Powyborcza euforia wśród znajomych z kręgów konserwatywno-liberalnych pewnie trochę już opadła, więc pozwolę sobie na jednoznaczną odpowiedź, na nieustannie pojawiające się w komentarzach pytanie:

N i e , n i e p r z e j d ę do K N P.

Nie tylko dlatego, że jestem lojalny wobec środowiska które współtworzę od ponad 10 lat, nie tylko dlatego, że jestem głęboko przekonany, że w polskiej polityce niezbędne jest samodzielne środowisko odwołujące się do polskiej myśli endeckiej i tradycji obozu narodowego, nie tylko dlatego, że wierzę w to że 
Ruch Narodowy ma duży - docelowo większy do KNP - potencjał, nie tylko dlatego, że JKM potrafił przejąć część rozczarowanego elektoratu Palikota, a my chcemy popracować nad przekonaniem do siebie ludzi zawiedzionych propozycją SP czy zniechęconych PiSem, a także tych którzy nie głosowali w ogóle bo jeszcze o nas nie wiedzieli.

Jest także inny istotny powód, zawarty w linkowanym tekście.
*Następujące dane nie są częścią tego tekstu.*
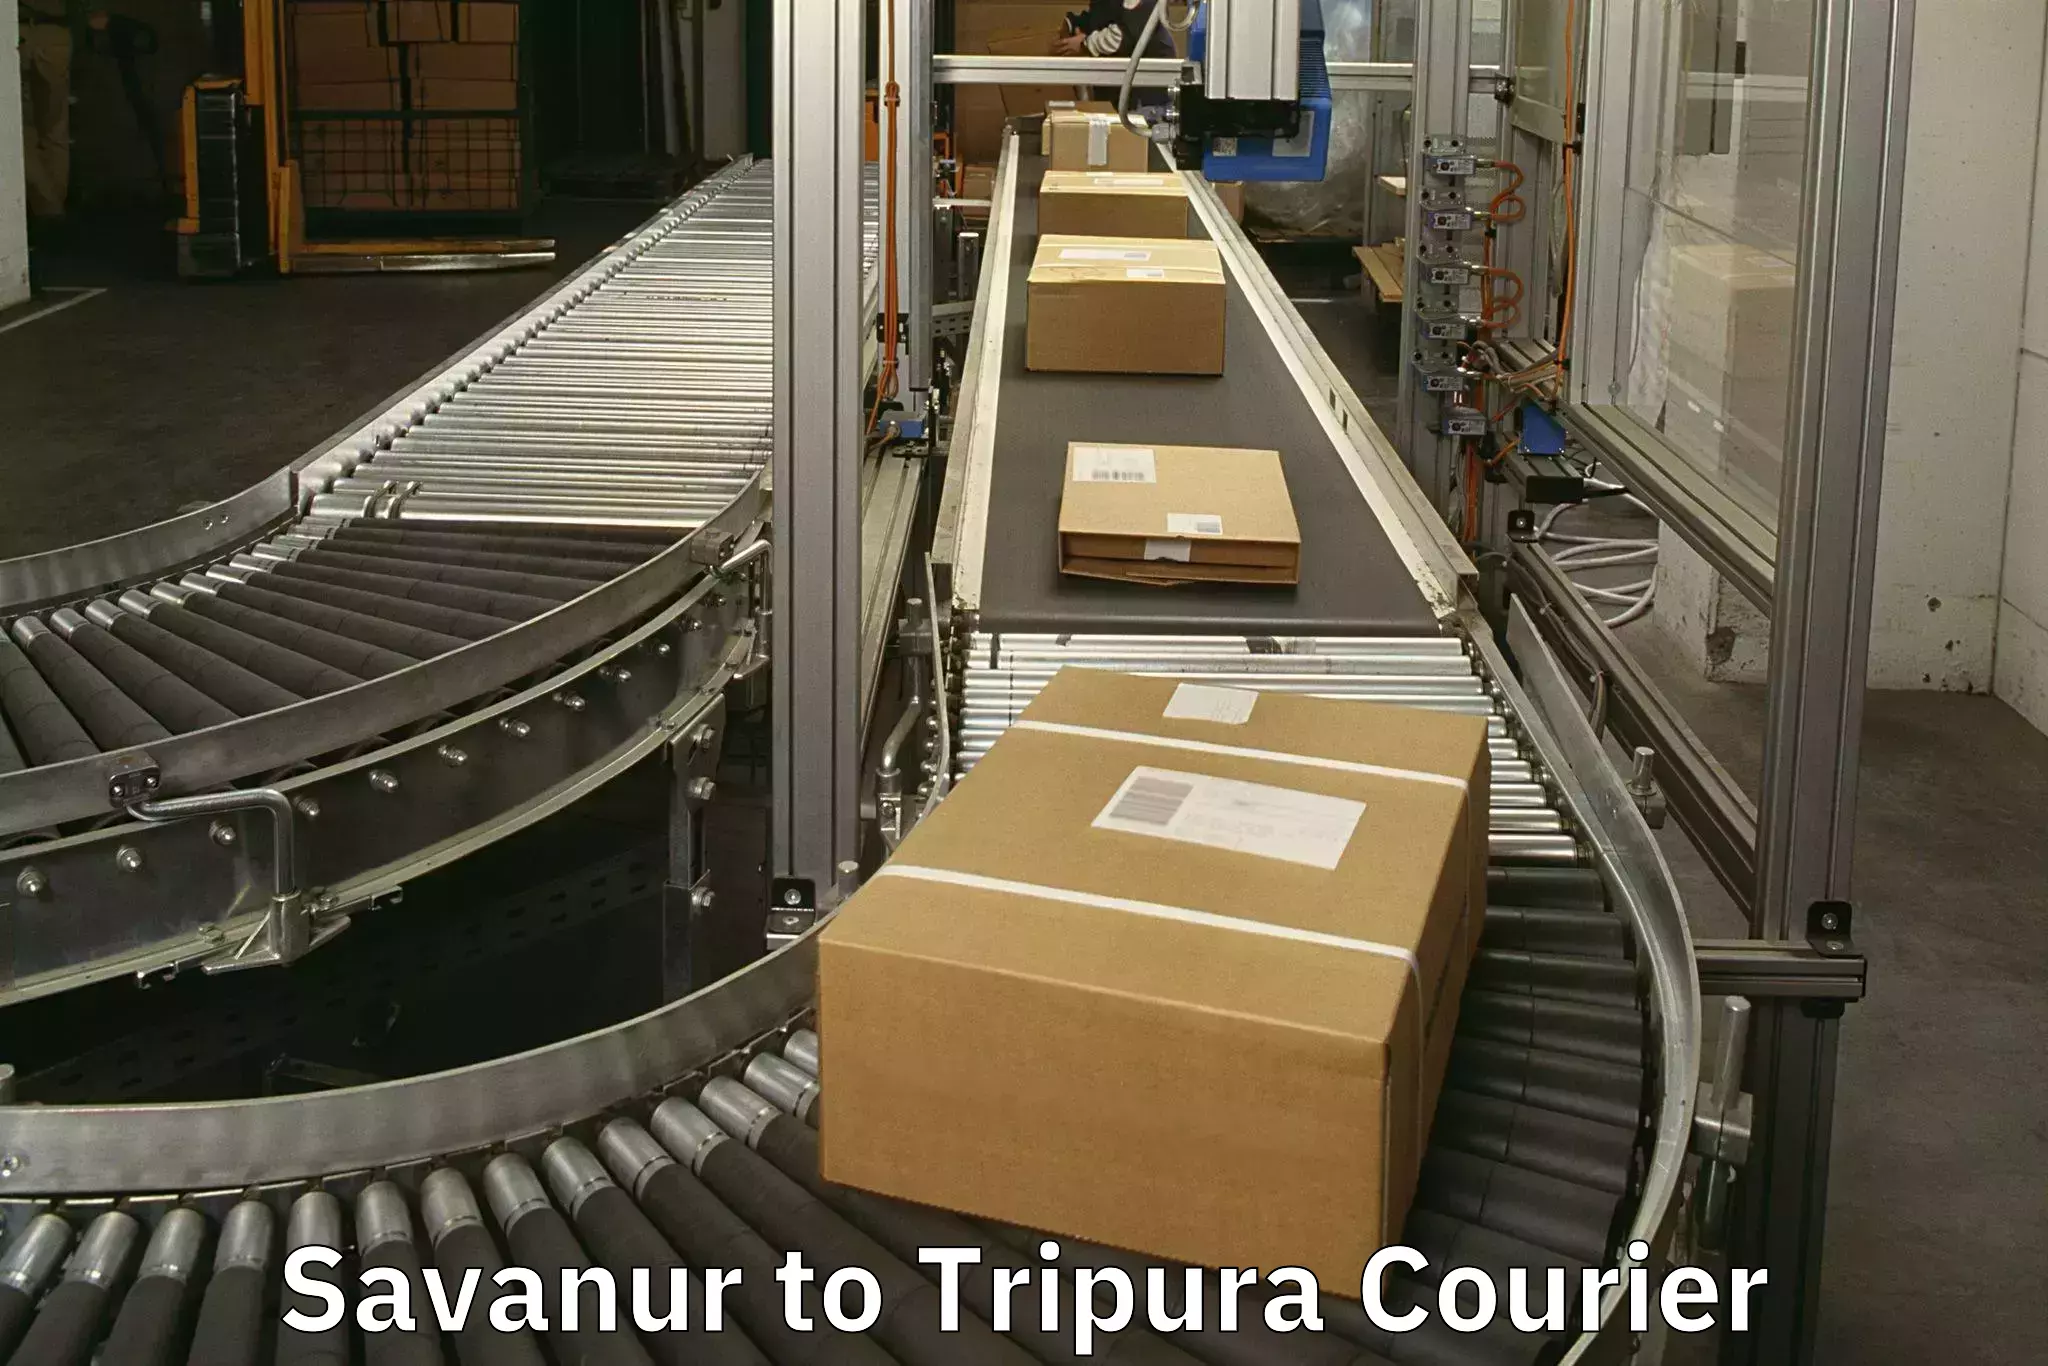 Luggage transport operations Savanur to Udaipur Tripura

Otóż w mojej opinii lider KNP choć jest świetny w przekłuwaniu balona poprawności politycznej w różnych sprawach, to na gospodarce zna się po prostu słabo. W strategicznych sprawach nie ma zupełnie (lub nie chce mieć) wyczucia interesu narodowego.

Wiara w to, że w Polsce energetyka atomowa rozwinie się bez udziału państwa, to czysta fantazja. Postulat "likwidacji" (czyli - jak rozumiem - wyprzedaży) państwowych "spółek energetycznych", to idealny prezent dla naszych silnych sąsiadów - Niemiec i Rosji, którzy tylko czekają, żeby kapitałowo przejąć kontrolę nad nerwem naszej gospodarki. Banki i media już mają, teraz jeszcze Orlen, Lotos, PGNiG, GazSystem, OLPP i będzie komplet! 

Sektor paliwowy i elektroenergetyka to fundament stabilności gospodarczej, ale także łakomy kąsek dla sąsiadów, którzy chcieliby móc na tę stabilność wpływać. Rosjanie wielokrotnie udowodnili, że są zdolni przez wiele lat ponosić straty, po to by poszerzyć swoje pole geopolitycznego manewru. Z kolei UE regułami jednolitego rynku wymusza na nas formę kontroli kapitałowej nad energetyką, bo nie pozwala administracyjnie ingerować w politykę sprywatyzowanych spółek. 

Jako narodowcy rozumiemy te wszystkie uwarunkowania.
Rozumiemy też, co zaszło w ostatnich latach - gdy rząd PO stopniowo obniżał udział kapitałowy skarbu państwa w strategicznych spółkach (w celu dofinansowania budżetu).

Prezes JKM tego nie rozumie lub nie chce rozumieć. Tak jest z całym szeregiem innych spraw, które w kampanii streściłem słowami, że dla nas "kapitał ma narodowość", a - jak przyznał jeden z liderów KNP w debacie ze mną - dla Nowej Prawicy nie ma.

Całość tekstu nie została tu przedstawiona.